- Directed by: Daria Kashcheeva
- Written by: Daria Kashcheeva
- Produced by: Zuzana Křivková Martin Vandas
- Starring: Zuzana Částková Marie Verner Zuzana Stivínová [cs] Robert Jašków [cs]
- Cinematography: Tomáš Frkal
- Edited by: Alexander Kashcheev
- Music by: Lucas Verreman
- Production companies: MAUR film FAMU International Papy3D Productions Artichoke Film Production
- Distributed by: Arte
- Release date: 24 May 2023 (Cannes);
- Running time: 27 minutes
- Countries: Czech Republic France Slovakia
- Language: English

= Electra (2023 film) =

Electra is a Czech short film, directed by Daria Kashcheeva and released in 2023. Blending live action and animation, the film revisits the theme of father-daughter relationships first explored in her 2019 film Daughter, portraying the experiences of a woman who is recalling her strained and distant relationship with her father.
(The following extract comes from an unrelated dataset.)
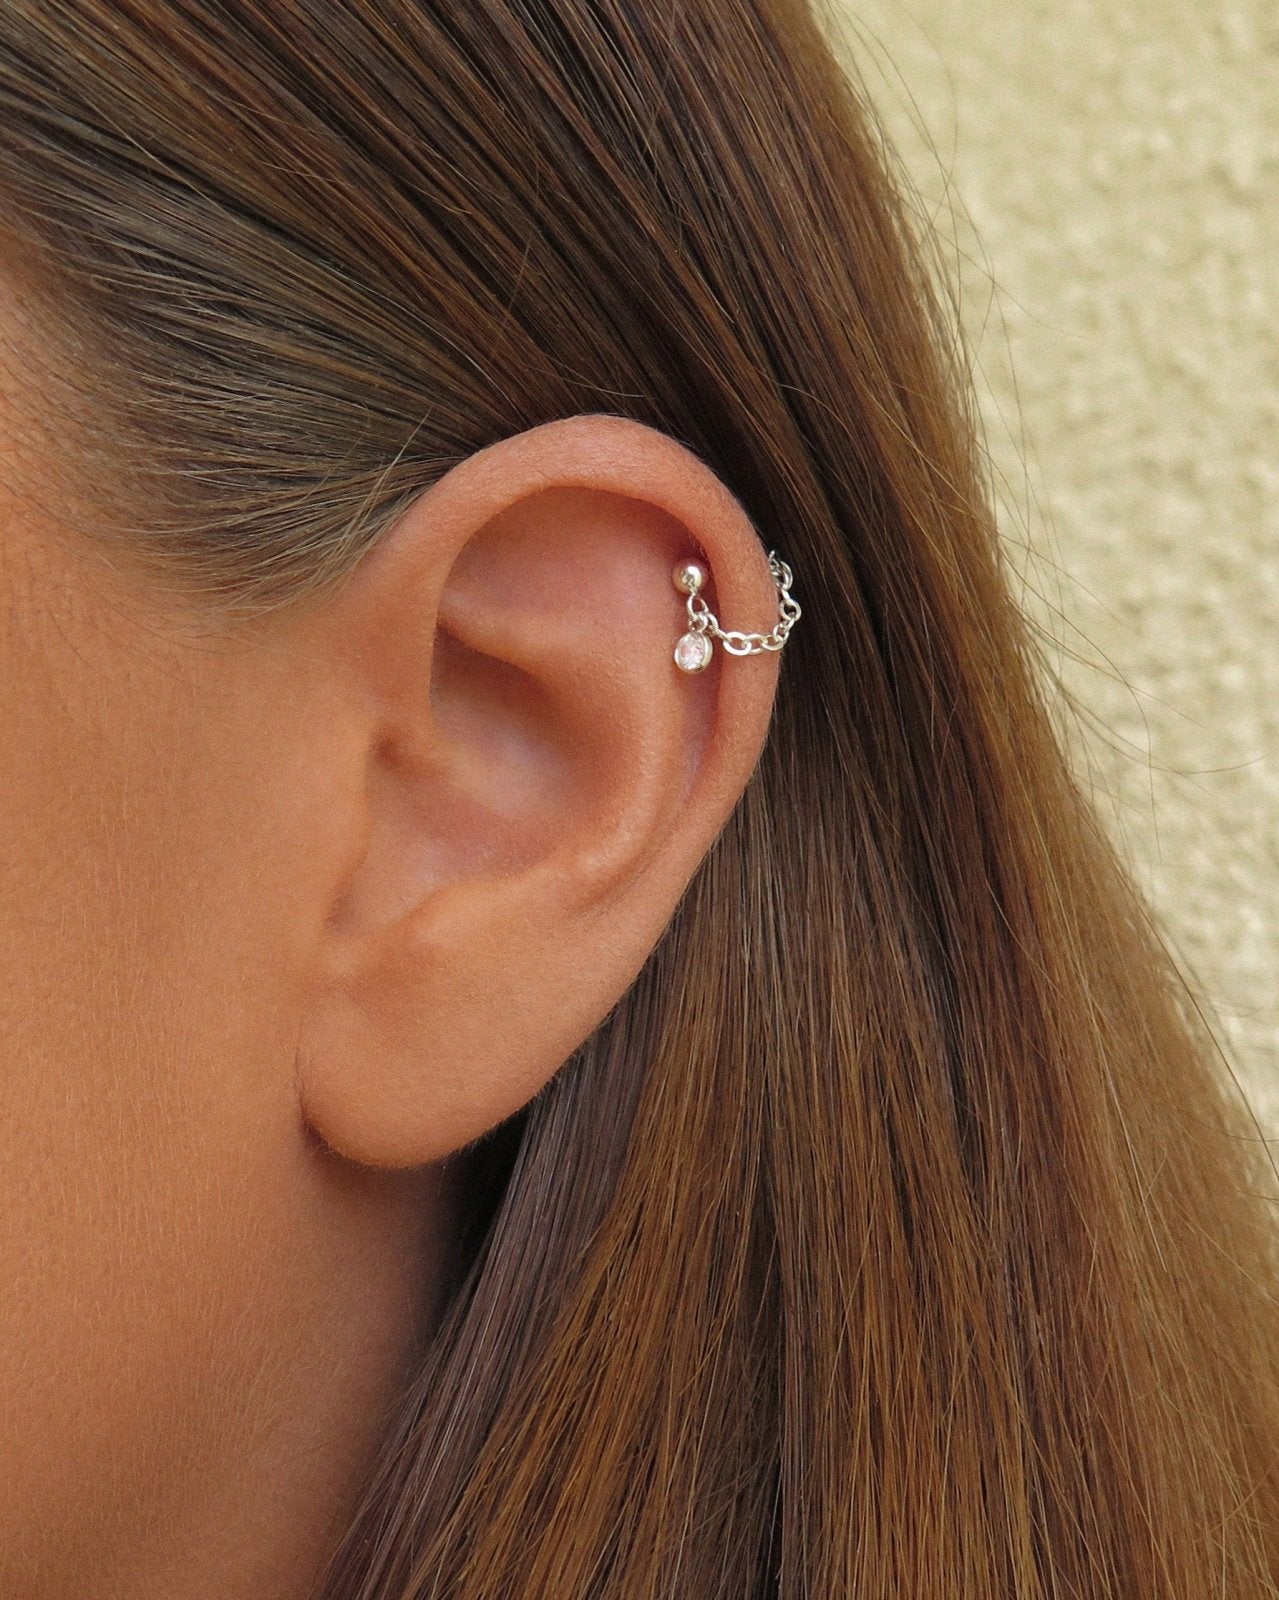 Load image into Gallery viewer, CZ HELIX PIERCING- Sterling Silver - The Littl - Sterling Silver - Deluxe Chain Earrings

The film's cast includes Zuzana Částková as Electra, Marie Verner as Electra in childhood, and Zuzana Stivínová and Robert Jašków as Electra's parents.

The film premiered at the 2023 Cannes Film Festival. It was later screened at the 2023 Toronto International Film Festival, where it won the award for Best International Short Film.